Hujan Deras Tiga Jam Sebabkan Banjir di Perkotaan Jember, Ratusan Rumah Terendam

Peristiwa     Dibaca : 162 kali Penulis:
Hujan Deras Tiga Jam Sebabkan Banjir di Perkotaan Jember, Ratusan Rumah Terendam
FaktualNews.co/hatta
Banjir rendam permukiman warga di wilayah perkotaan Jember

JEMBER, FaktualNews.co – Hujan deras sejak selama tiga jam pukul 11.00 WIB, menyebabkan terjadinya banjir di tiga kelurahan wilayah Kecamatan Kaliwates, Kabupaten Jember.

Dari data yang dihimpun Badan Penanggulangan Bencana Daerah (BPBD) Jember, terdapat 80 KK yang terdampak banjir. Secara rinci jumlah warga 234 orang, Lansia 14 orang, dan balita 15 orang.

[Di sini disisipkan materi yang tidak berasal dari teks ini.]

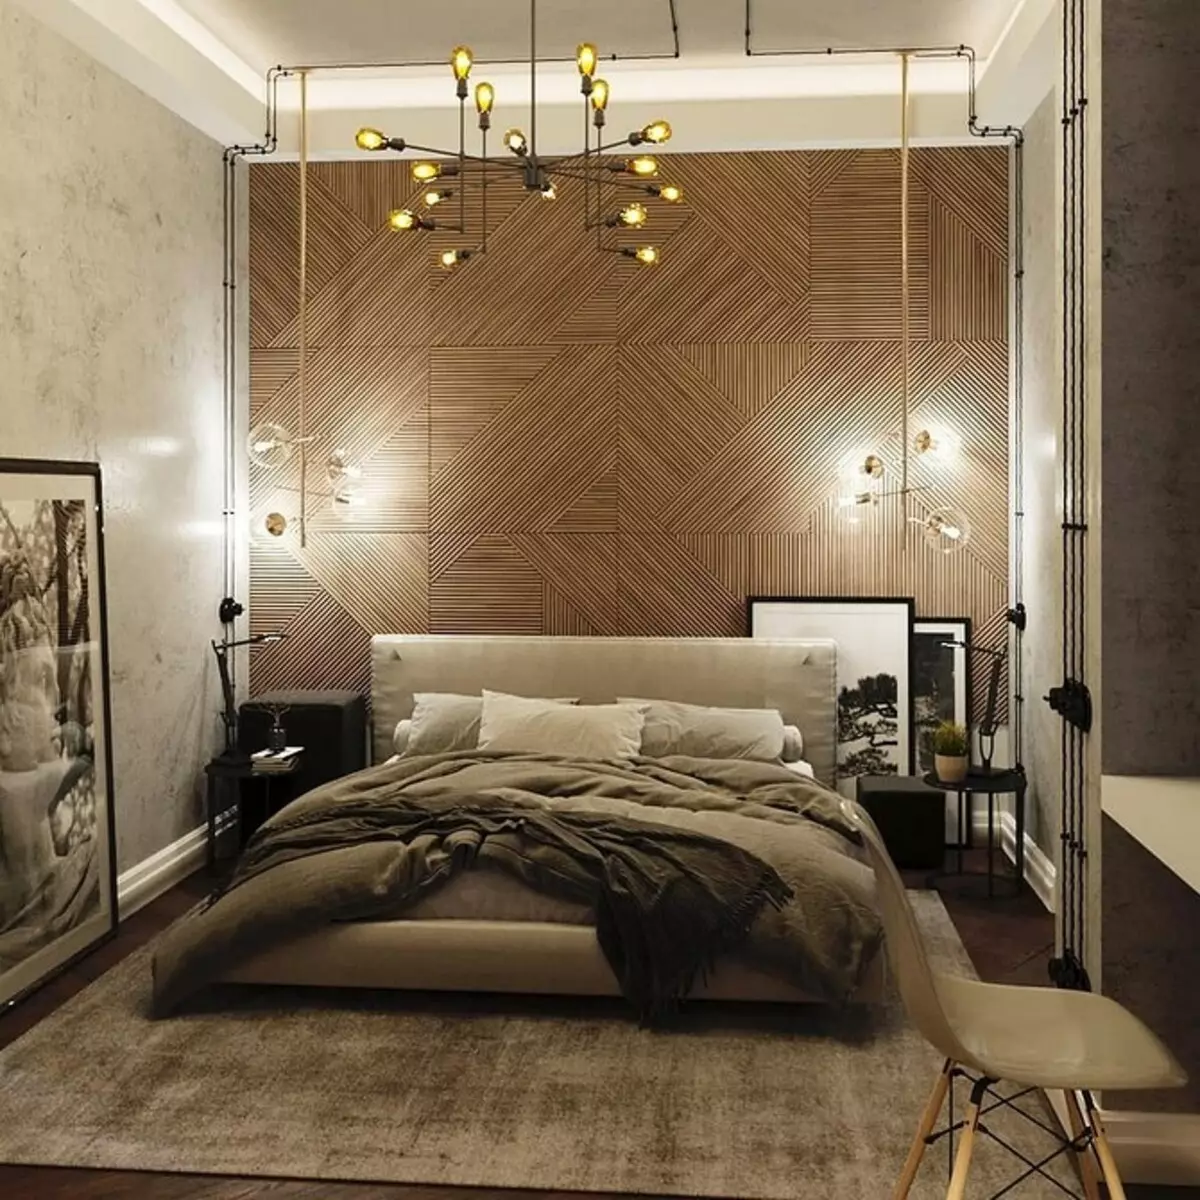 Come scegliere un lampadario in camera da letto: 5 consigli per coloro che vogliono organizzare una stanza giusta 9638_29
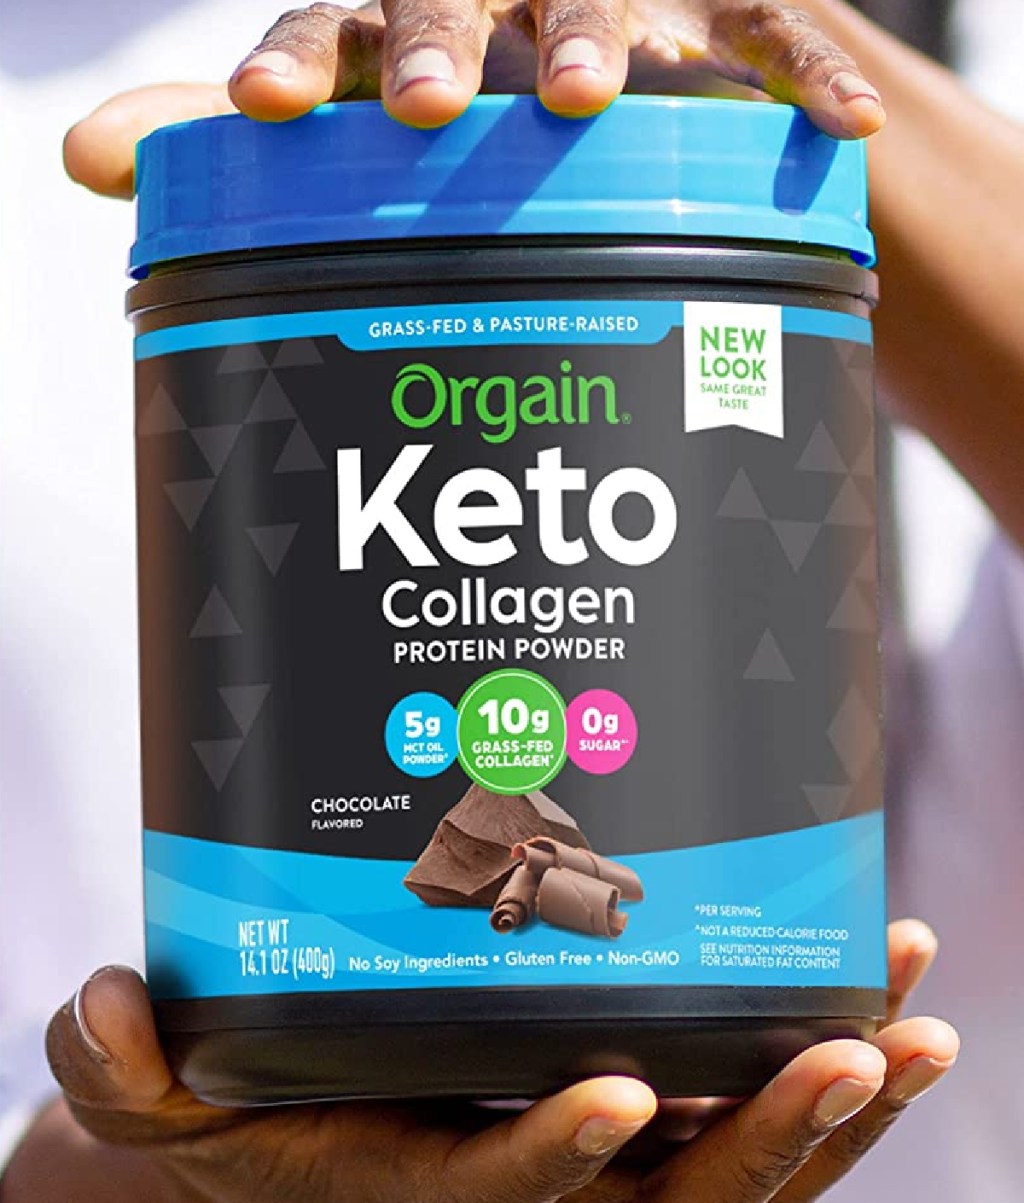 Orgain keto collagen protein powder

Rumah warga mulai terendam banjir sejak pukul 14.30 WIB dengan ketinggian air sekitar 30 – 70 sentimeter.

“Banjir ini terjadi di 3 kelurahan, wilayah Kecamatan Kaliwates. Curah hujan tadi cukup tinggi sehingga debit air saluran irigasi di wilayah setempat meluap dengan cepat. Data sementara sekitar 150 KK terdampak banjir,” kata Kepala BPBD Jember Sigit Akbari di sela meninjau banjir.

Untuk dampak terendam banjir paling parah terjadi di sekitar Kampus Universitas Islam Negeri KH Achmad Shiddiq (UIN KHAS) Kabupaten Jember.

Secara rinci dari data BPBD Jember, Banjir terjadi di wilayah Kecamatan Kaliwates dan 3 kelurahan. Yakni Lingkungan Karangmluwo, Kelurahan Mangli; Lingkungan Mrapah, Kelurahan Sempusari; Lingkungan Condro, Kelurahan Kaliwates.

“Khususnya di Jalan Hayam Wuruk, dan Lingkungan Karang Mluwo, Kelurahan Mangli, Kecamatan Kaliwates sekitar Kampus IAIN (UIN KHAS Jember), terdampak banjir yang paling parah,” sambungnya.

Akibat banjir tersebut, lanjut Sigit, warga terdampak untuk sementara mengamankan diri ke sekitar jalanan dekat kampus UIN KHAS Jember.

“Menunggu air surut, karena banjir ini arusnya cukup deras,” katanya.

Sigit mengatakan, terkait banjir ini merupakan bencana tahunan dan perlu penanganan serius dari banyak pihak.

“Penyebabnya banyak, mulai dari pendangkalan sungai atau saluran irigasi, dan nantinya akan dicari solusi terbaik agar kejadian banjir ini tidak terus terjadi,” tuturnya.

“Untuk wilayah terdampak paling parah, adalah Ponpes Baitul Ilmi yang jumlah santrinya ada 32 orang. Tadi kita data dan menyampaikan kalau terjadi banjir paling terakhir surutnya,” sambung Sigit.